Dans sa réponse aux reproches faits par les quatre membres, Sihem Ben Sedrine, à court d’arguments, n’a rien trouvé de mieux que de brandir son droit d’interrompre un rattachement qui est «une procédure administrative faisant partie des prérogatives de la présidente ». Elle a appelé, par ailleurs, au respect du secret des tractations qui ont lieu au niveau de son conseil, et des décisions issues de la majorité qui en découlent.

 

Mais ce n’est pas terminé. Le conflit semble prendre, cette fois-ci une tournure autrement plus grave que lors des précédents différends. En effet, les parties qui ont toujours exprimé un soutien inconditionnel à l’IVD, et, plus précisément, à sa présidente l’omnipotente Sihem Ben Sedrine, ont montré, lors de cet épisode, un visage différent en exprimant des positions tranchantes contre la cheffe sans partage de l’Instance. Qu’on en juge.

 

Ahmed Rahmouni, président de l’Observatoire tunisien de l’indépendance de la magistrature (OTIM), a exprimé, mercredi 16 août 2017, son soutien à la juge Afef Nahali, démise de son rattachement à l’IVD par la présidente, Sihem Ben Sedrine.

Dans un communiqué rendu public par l’Observatoire, il ressort que « la décision de la présidente de l’IVD est unilatérale et illégale. Elle constitue, de ce fait, une menace sur la position des juges au sein de l’Instance ».

Ahmed Rahmouni, a appelé, en outre, Sihem Ben Sedrine à revenir sur sa décision exprimant des craintes quant « aux pressions subies par les juges rattachés à l’IVD dont les conditions de travail ont poussé quelques-uns à quitter volontairement l’Instance ». Et ce n’est pas fini.

 

Un autre inconditionnel de Sihem Ben Sedrine et de son IVD, en l’occurrence, le blogueur Yassine Ayari, commence, dans un post publié sur sa page officielle Facebook, par annoncer la démission du juge Amor Ettaïeb de l’Instance, vidée, ainsi de toute présence de cadres de la magistrature.

Et tout en s’interrogeant sur l’efficacité de l’action de l’IVD sans spécialistes en droit, Yassine Ayari prédit une « chute imminente et retentissante de la feuille de vigne tout en jugeant la situation comme se trouvant, désormais, dans une impasse ».

Le blogueur va encore plus loin dans ses notes pessimistes en affirmant qu’on « peut faire, déjà, son deuil de cette Instance ».

 

Maintenant que les perspectives sont des plus sombres pour le processus de la justice transitionnelle, certaines informations commencent à filtrer pour faire un peu plus de lumière sur les dessous des raisons ayant abouti à cet imbroglio.
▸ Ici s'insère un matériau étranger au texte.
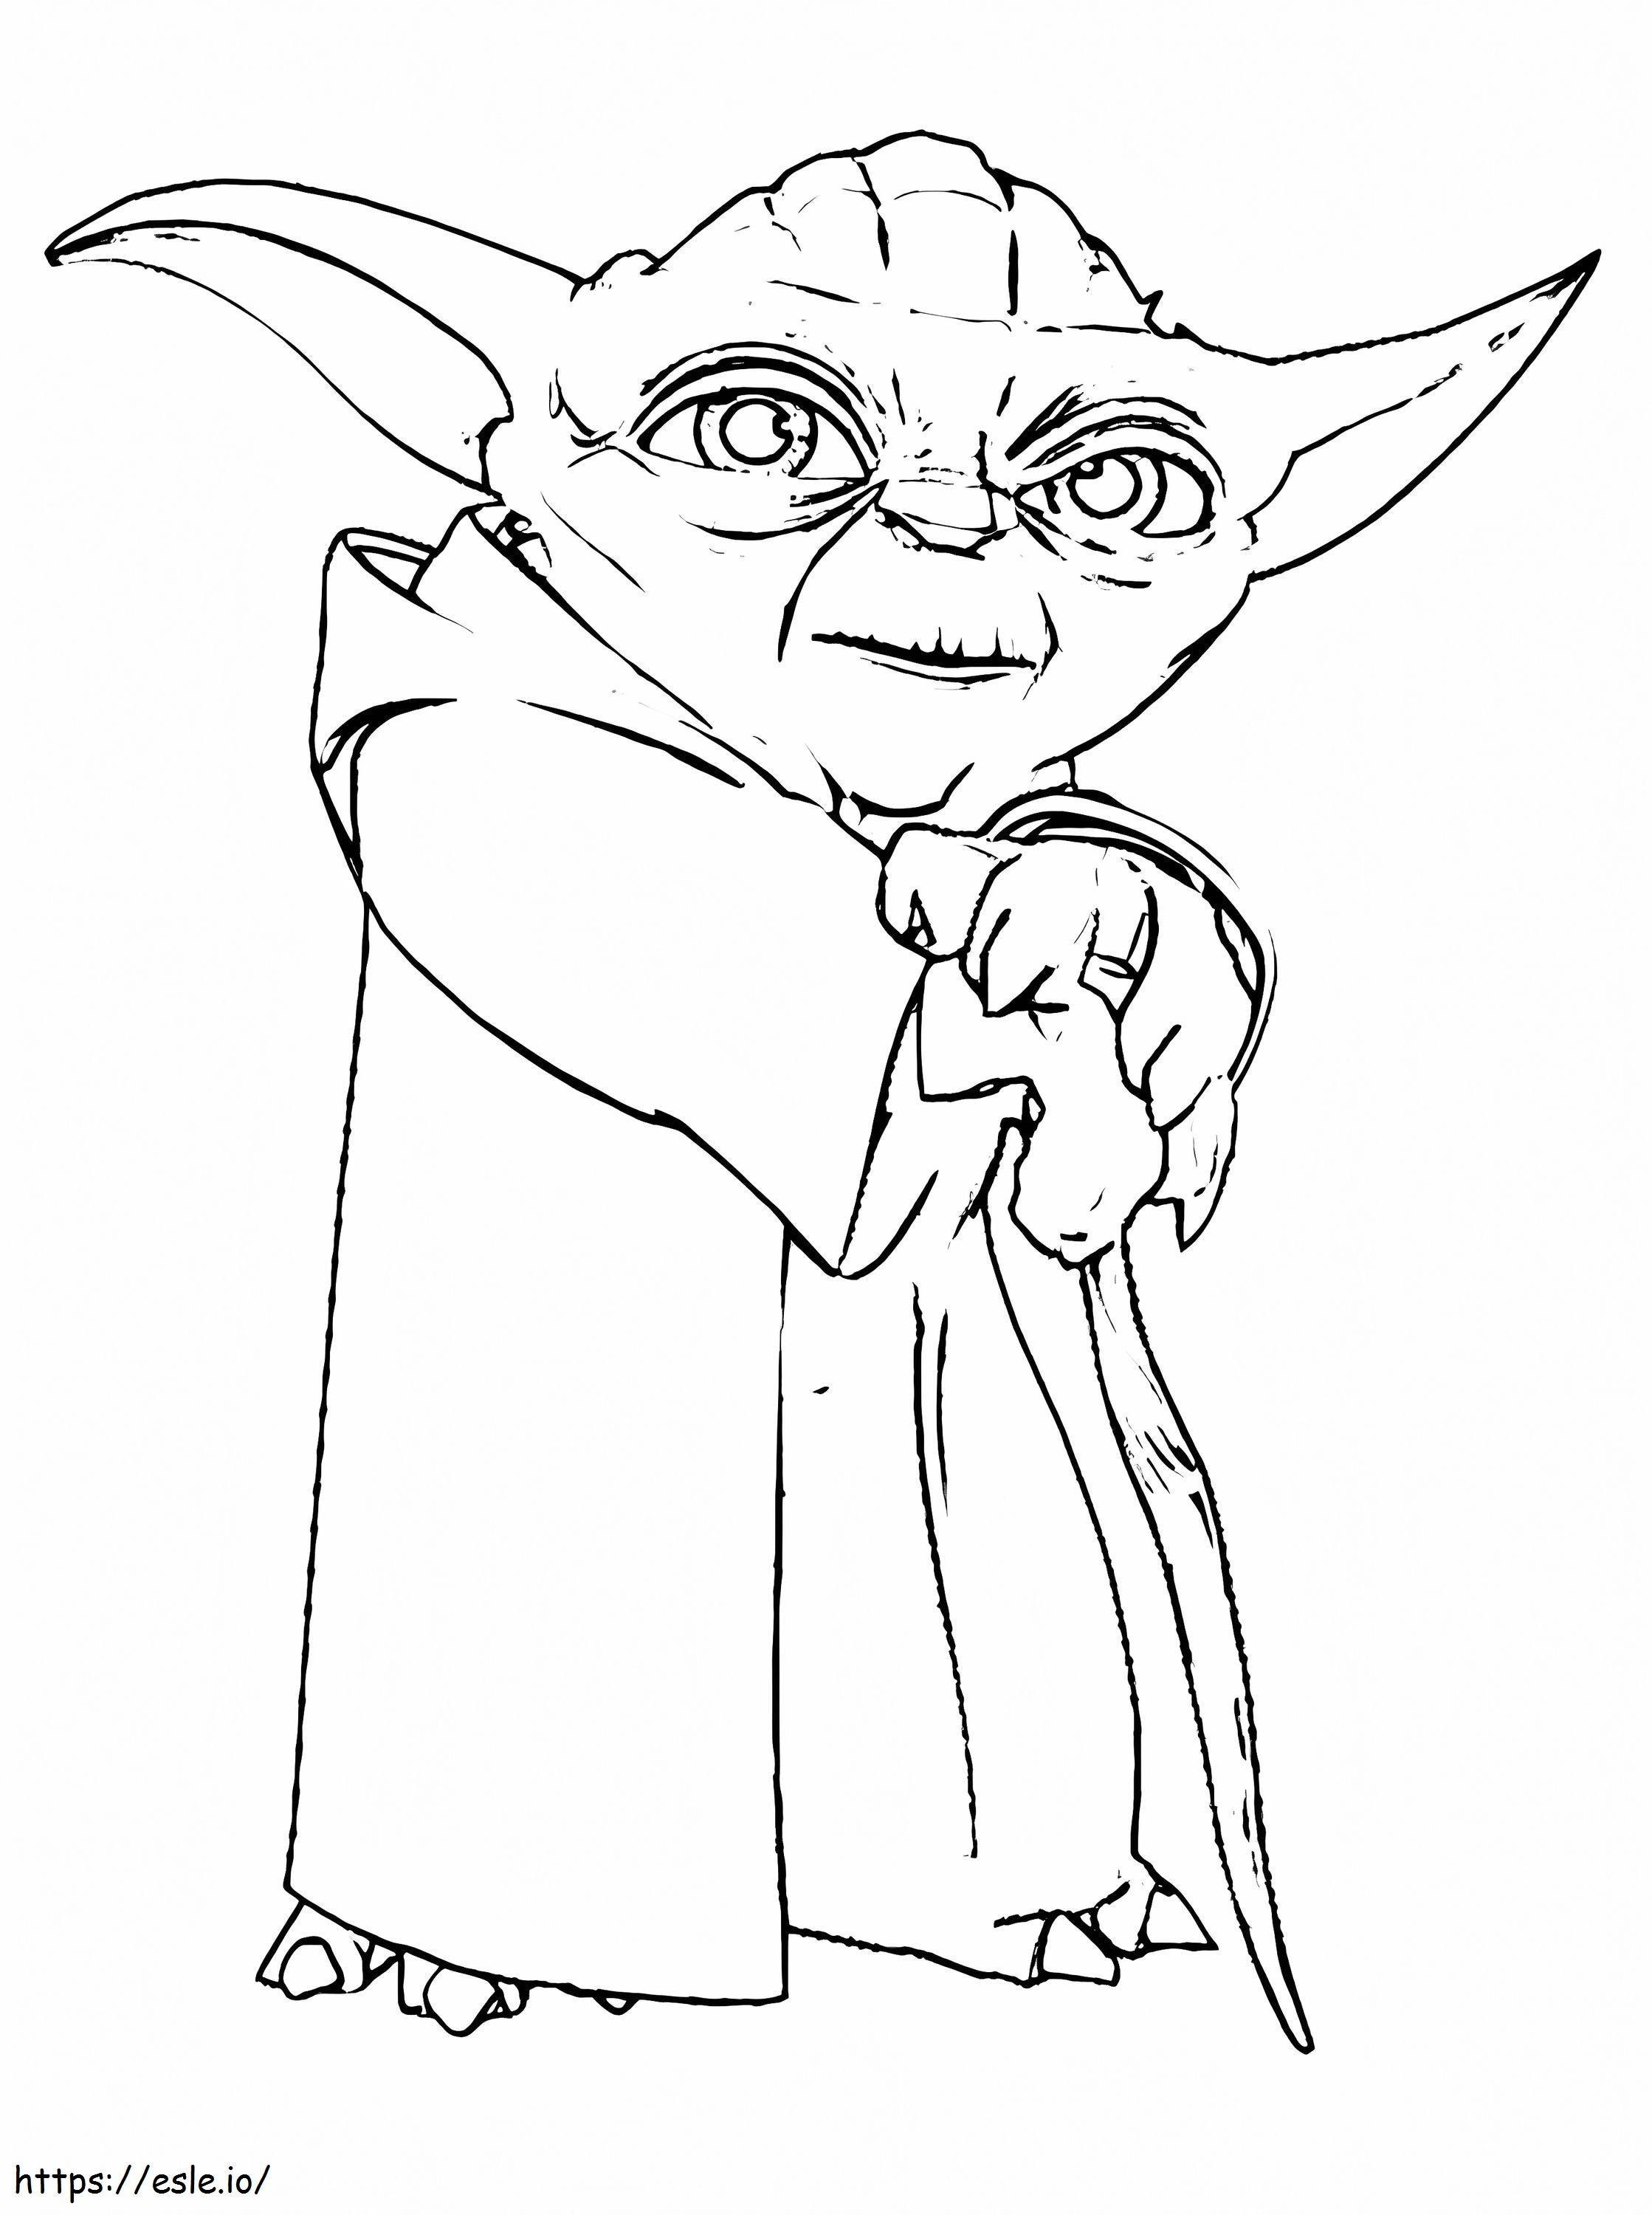 Star Wars Master Yoda coloring page

Un imbroglio qui pourrait sonner, carrément le glas d’une IVD, plus puissante de toutes les instances, même si elle n’est pas constitutionnelle.

 

On croit savoir que la juge démise de son rattachement, Afef Nahali, est très proche du juge Ahmed Rahmouni, ce qui expliquerait sa réaction violente à l’égard de Mme Ben Sedrine, sachant que ladite juge se serait « rebellée » contre les agissements d’un des trois coordinateurs, proche de Sihem Ben Sedrine et disposant d’une carte blanche pour agir à sa guise.
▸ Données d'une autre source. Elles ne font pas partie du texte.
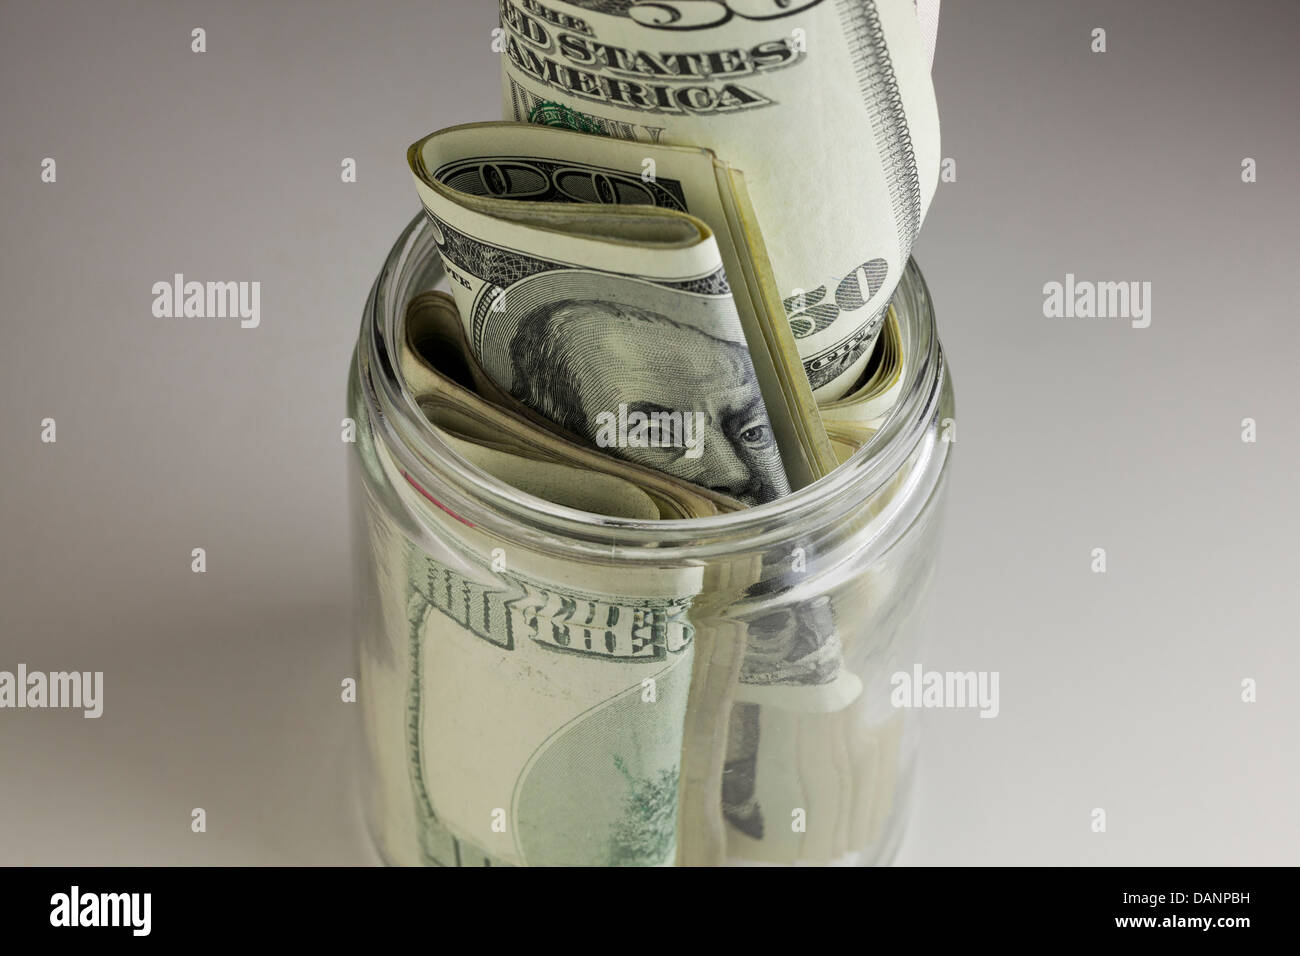 L'argent dans les petits farcis bocal en verre Banque D'Images

Ce même coordinateur aurait agressé verbalement et tenté même de le faire physiquement contre la magistrate, Afef Nahali, présidente de l’unité d’intervention d’urgence de l’IVD. Ce fut la goutte qui a fait déborder le vase avec le document signé par les quatre membres qui seraient, également, proches du parti Ennahdha.

Ceci expliquerait, selon les observateurs, la position prise par la députée  Yamina Zoghlami en leur faveur, alors que le député et ancien ministre de l’Agriculture, Mohamed Ben Salem semble afficher, toujours, son  appui à Ben Sedrine.

 

En tout état de cause, tout indique et laisse entendre que la crise est plus profonde que jamais, cette fois-ci avec des risques réels d’un éclatement de l’IVD qui n’a réalisé, jusqu’ici et selon les attestations de ses membres, aucune avancée digne de ce nom hormis les séances d’écoute que la présidente de l’Instance tente de leur conférer un halo et un cachet spectaculaire, mais sans faits concrets et tangibles.

 

A moins d’un sursaut de dernière minute et au rythme où vont les événements, l’Instance Vérité et Dignité semble être sur le point de signer son arrêt de mort. Et c’est dommage pour un processus qui aurait pu être positif, voire constructif.